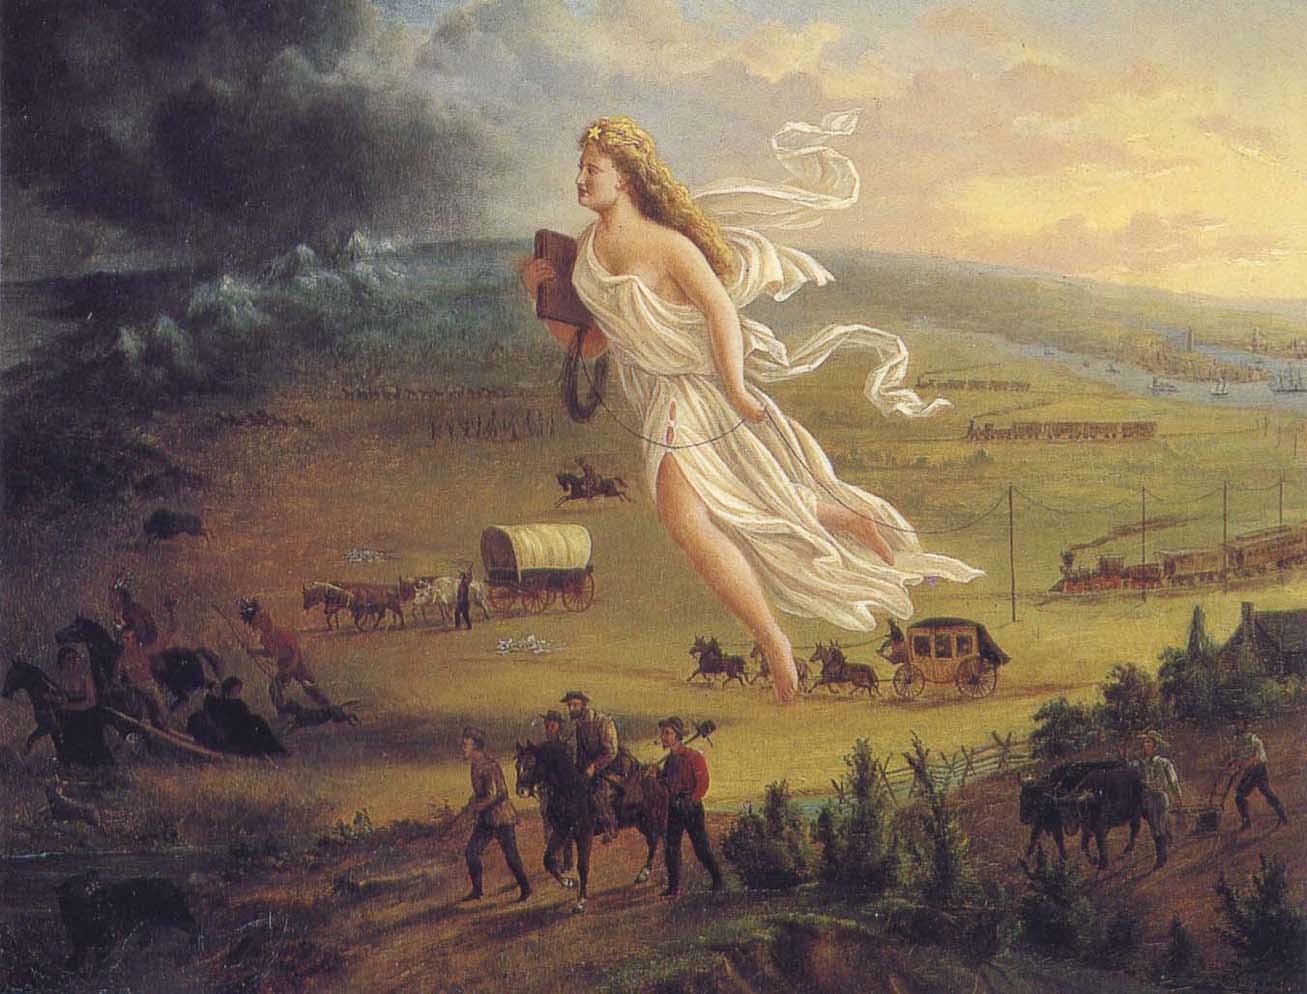 Spirit of the Frontier
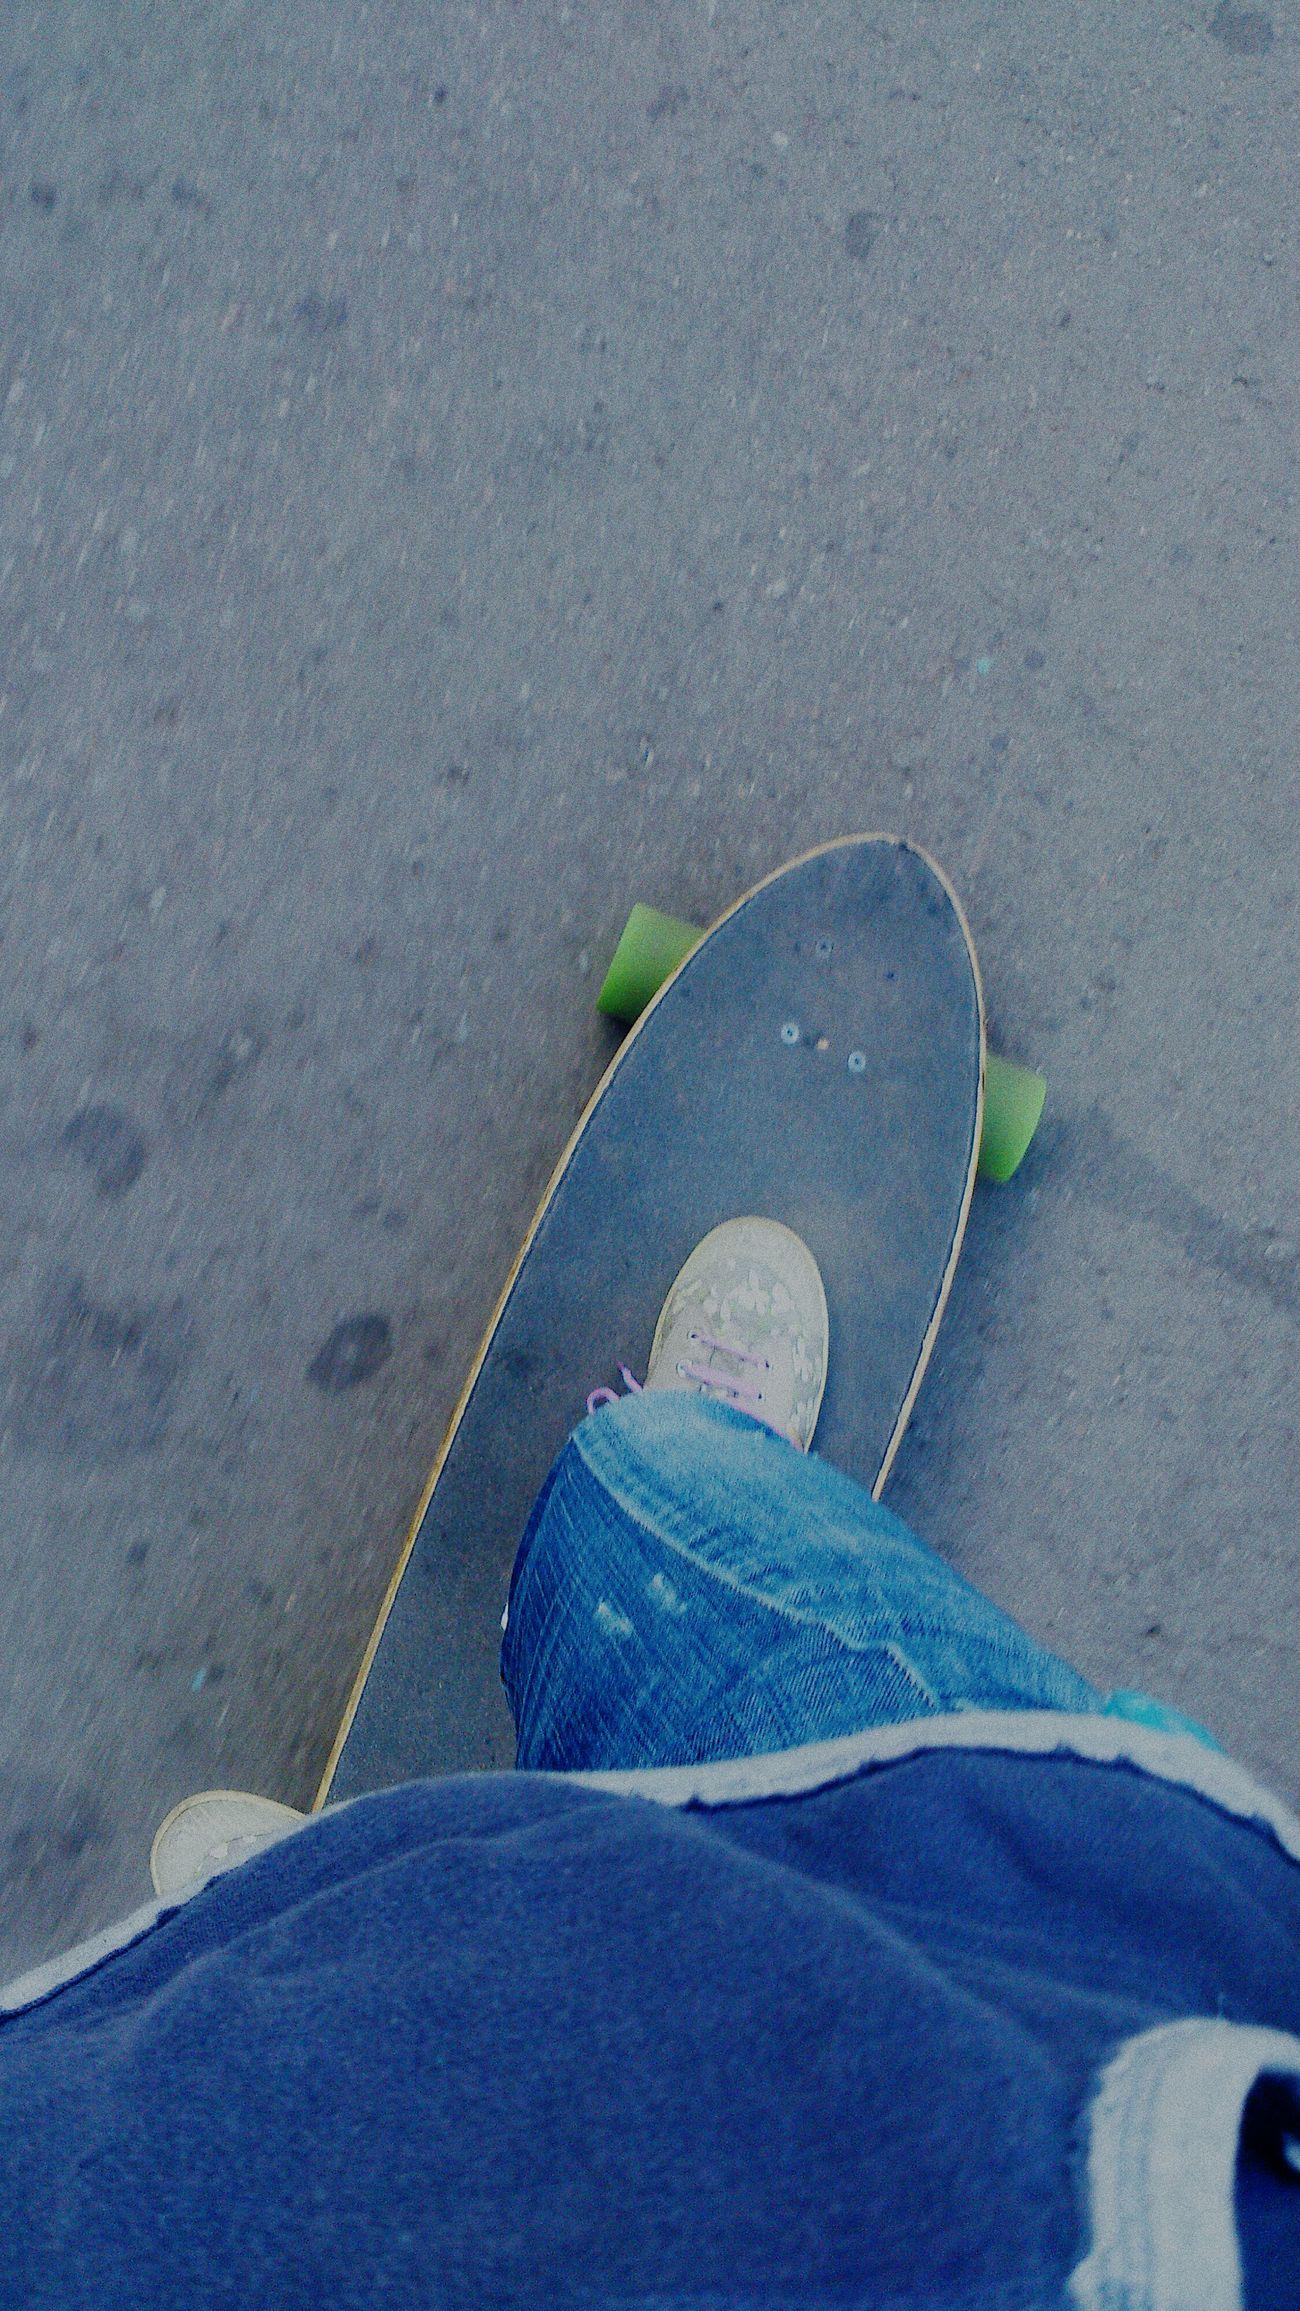 скейт наскейте доска ВДНХ август
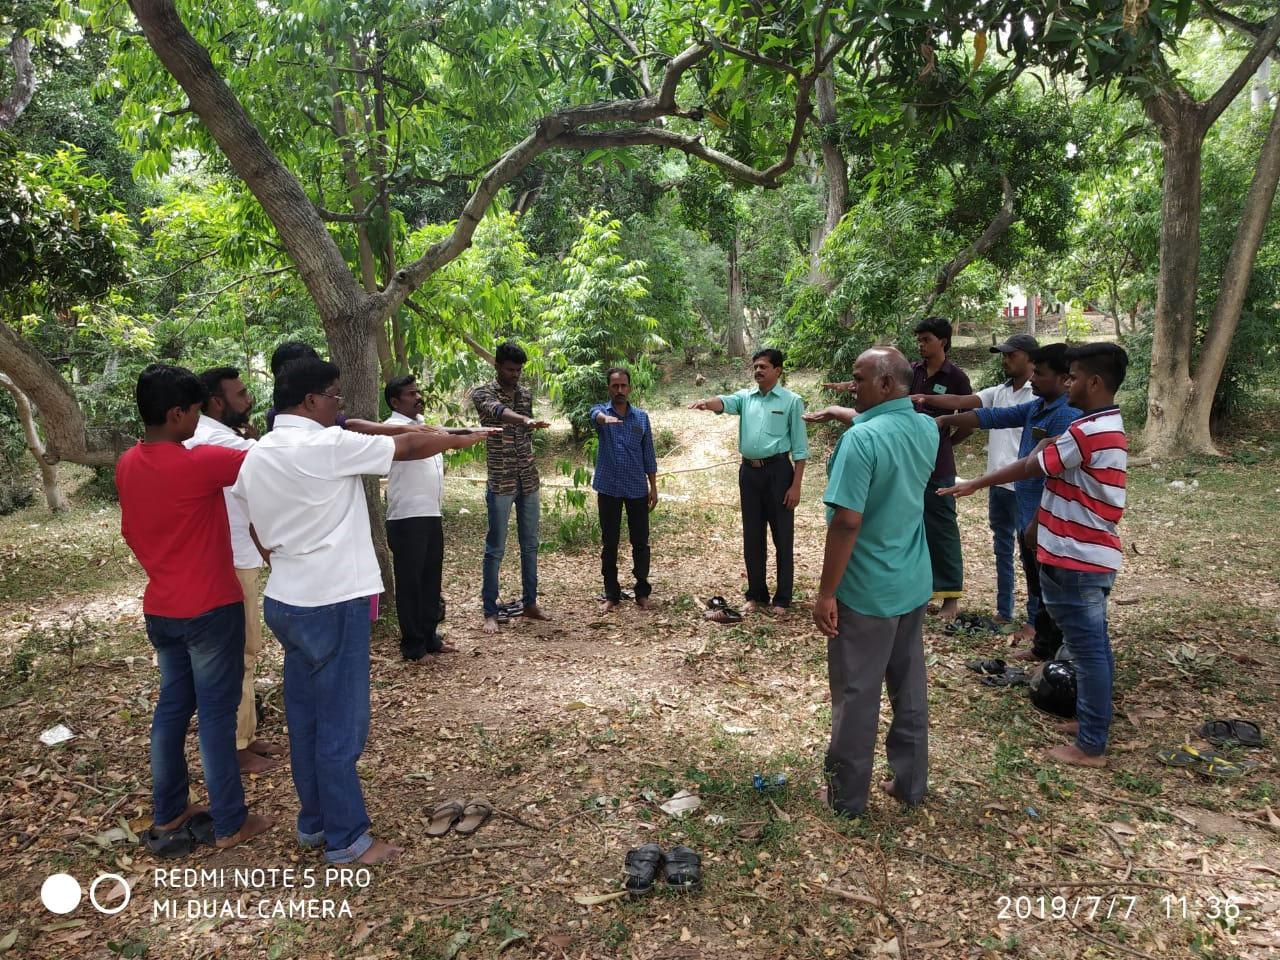 கலந்தாய்வு கூட்டம்-தேனி மாவட்டம் பெரியகுளம்

● ● ● ●

» WORK ORDER
This task calls for an exact copy of the data above, without pictures.

» RESPONSE BOX
 Spirit of the Frontier
 скейт наскейте доска ВДНХ август
 கலந்தாய்வு கூட்டம்-தேனி மாவட்டம் பெரியகுளம்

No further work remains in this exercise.